Archive Files - for the most part these are video files and installation kits which are quite large and which in a lot of cases can be re-acquired from other sources if I loose them. I keep two copies of these on two separate drives, one offsite. I swap the offsite and onsite drives monthly to keep them synchronized. Right now this volume of data is about 1.5TB. These files are checksummed and are verified monthly to ensure that all of the data is readable and correct.
If you have external backups covered and you're specifically worried about the downtime that a disk crash would cause, then RAID is the right solution.
My main point about the backup tiers was basically to note that you don't necessarily have to back up the entire 1.5TB all the time.
Checksums are values that are taken by reading every byte of a file and then applying a mathematical formula to them. The result is typically a string of a few dozen hex digits. The idea is that if any bit in the file changes, the checksum will be different, so if you store a copy of checksum of the file today then you can use it to confirm the file hasn't changed in the future.
I wrote my own checksumming utility, but there are a number of them available on the Internet. Typical checksum algorithms are "MD5" and "SHA1", and you can find programs by googling for these acronyms plus "utility".
I use MD5 - it's often criticized because of potential security issues, but in my case I'm not using it to secure information so that's not a concern to me.

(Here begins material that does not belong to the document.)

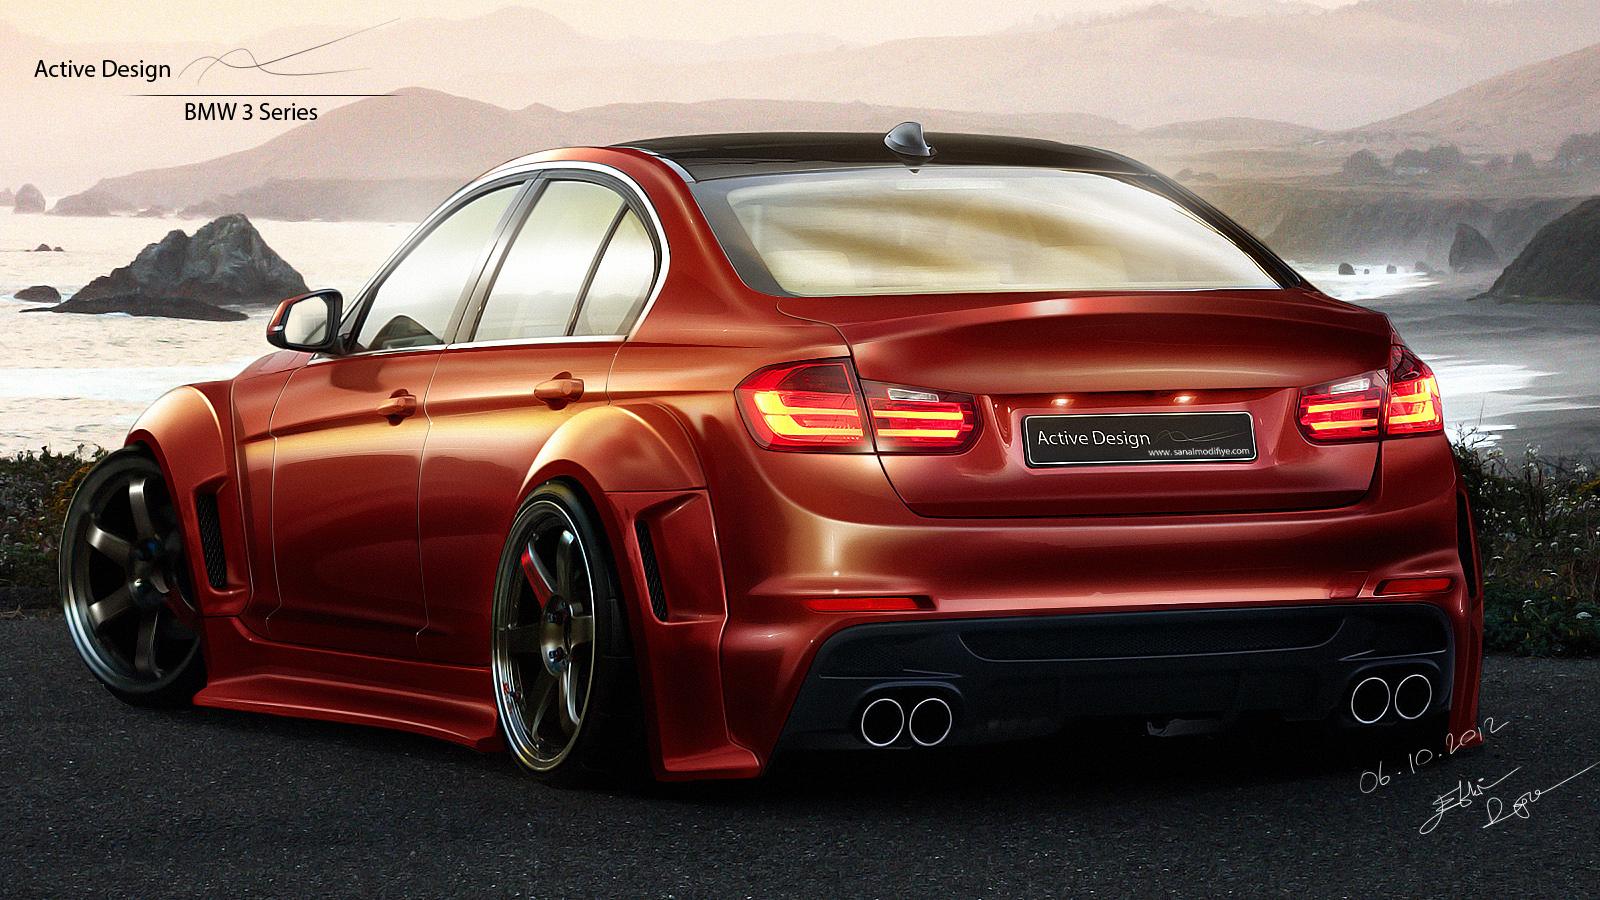 BMW 3 Series GTR by Active-Design

> do i need to but identical disks? (go and buy a blank disk exactly the same as the one i currently own)
No, the disks don't have to have the same size, rotational speed, cache size, etc. But you'll be wasting some of the capacity and performance of the larger/faster drive if you use different drives.
> can i set up a raid configuration with one full and one empty disk or do i need to format them?
Not exactly sure what you're asking here. After you configure your two drives into a RAID 1 array, it will look like a simple disk to the operating system. There will be no indication that there are actually two drives behind that "virtual" RAID volume, and there is no way to put stuff on just one of the disks or the other - everything that is written to the volume will automatically have an identical copy written to both actual disks. That's the purpose of RAID 1.
You will have to partition and format the RAID volume in order to use it. As with any "real" disk, you have a choice of creating one partition to use all of the available space, or creating one or more smaller partitions which may or may not fill up all of the space.